Radioactive fallout from the U.S. testing nuclear bombs in the Marshall Islands between 1946 and 1962 is blamed for high cancer rates there, but a report by the U.S. Centers for Disease Control and Prevention shows the rate is declining, partly because people directly affected by the fallout are dying.
The report states there is a need for more promotion of effective preventive, therapeutic and palliative care services to improve islanders overall health.
Carmen Chong Gum is the consulate general in Arkansas for the Republic of the Marshall Islands and she said the center will have a broad reach. The consulate office opened in downtown Springdale in 2008.
“We look at all the needs, from head to toe,” she said, such as health, soul and culture. “UAMS is identifying the needs of the community.”
Two more center priorities are educating medical workers nationwide on how to treat and interact with Pacific Islanders and teaching members of the islander communities about research.
It’s important to get the Marshallese community involved in promoting the center, said Dr. Sheldon Riklon. He is the University of Hawaii’s Department of Family Medicine and Community Health clerkship director and a frequent visitor to Arkansas. Riklon is one of two U.S.-trained Marshallese physicians. “The concept of Western research is taboo in the islands,” he said.
Riklon said having Marshallese community members visit their friends and neighbors shows its OK to participate. “It helps break down the barriers,” he said.
Anita Tomeing-Iban has lived in Springdale for 19 years and has diabetes. She said Marshallese people are reserved. “Distrust is part of our nature,” she said.
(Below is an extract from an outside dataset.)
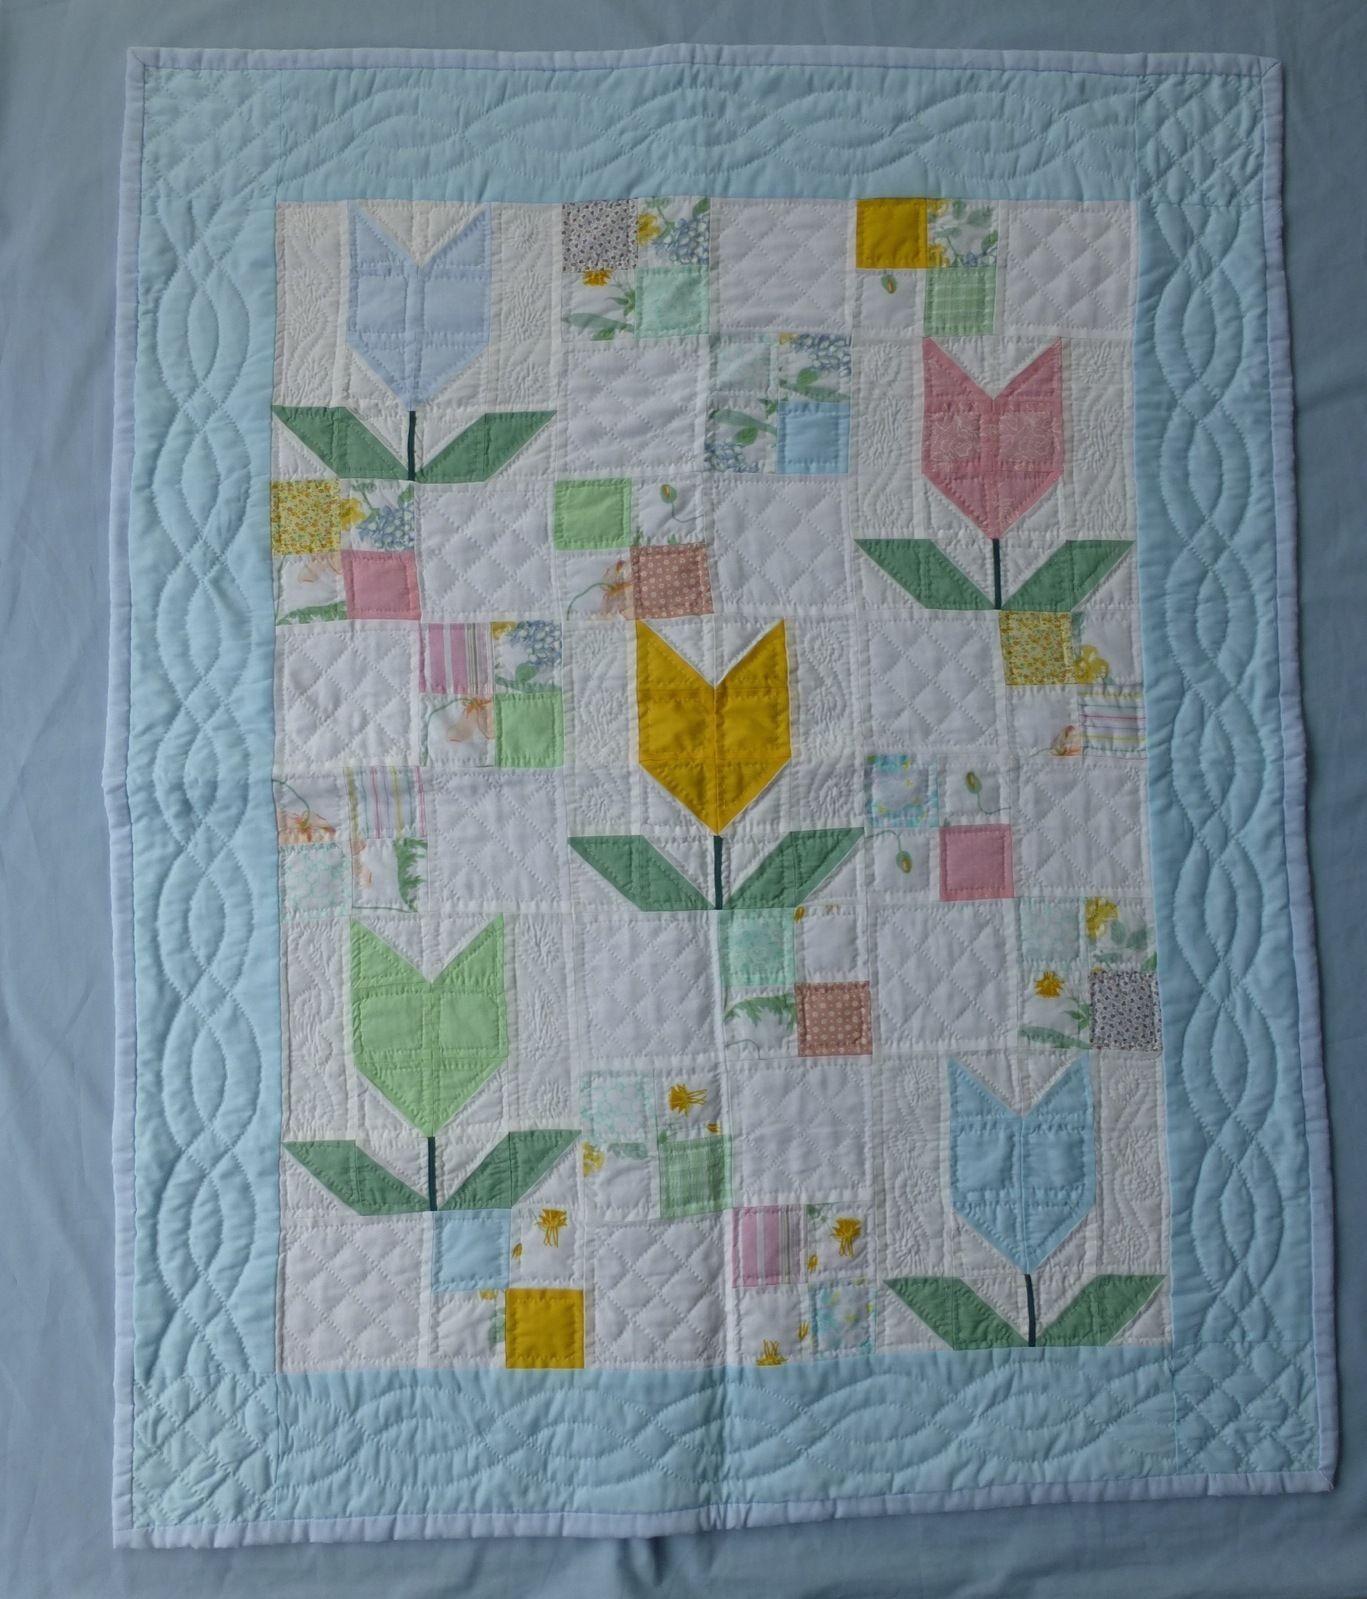 Vintage hand stitched cotton small patchwork quilt child cot crib 90x110cm | eBay

The idea is to learn best practices, a technique or methodology that through experience and research has proven to lead to the best result. Aitaoto said she worked on Pacific islands for 15 years and best practices there don’t exist such as care for cancer survivors. “We found there are a lot of survivors, but no plan to help them make a better life,” she said.
A group of eight people from the islands are traveling to Northwest Arkansas on Aug. 17 to learn about programs and will develop a plan to use back home for cancer survivors, she said.
The Center for Pacific Islander Health hopes to build on practices in use at the Community Clinic offices. Kathy Grisham, the clinic’s executive director, said its physicians train on working with the Marshallese patients, and she has five Marshallese employees. The nonprofit clinic has nine sites across Benton and Washington counties, including medical and dental clinics and school-based centers. Low-income patients can qualify for a sliding fee scale.
The Community Clinic saw 2,230 Marshallese patients last year, a 30 percent increase from the year before.
“It steadily grows every year, about 12-15 percent every year,” Grisham said. “I don’t think many other community members see a lot of Marshallese patients, but training will be great for our hospital workers,” she said.
Aitaoto said the center will work with people from beyond Arkansas’ borders. “To us, it is a broader plan and a lot of the things we are doing are innovative,” she said. “Programs and research are needed together and our programs are research.”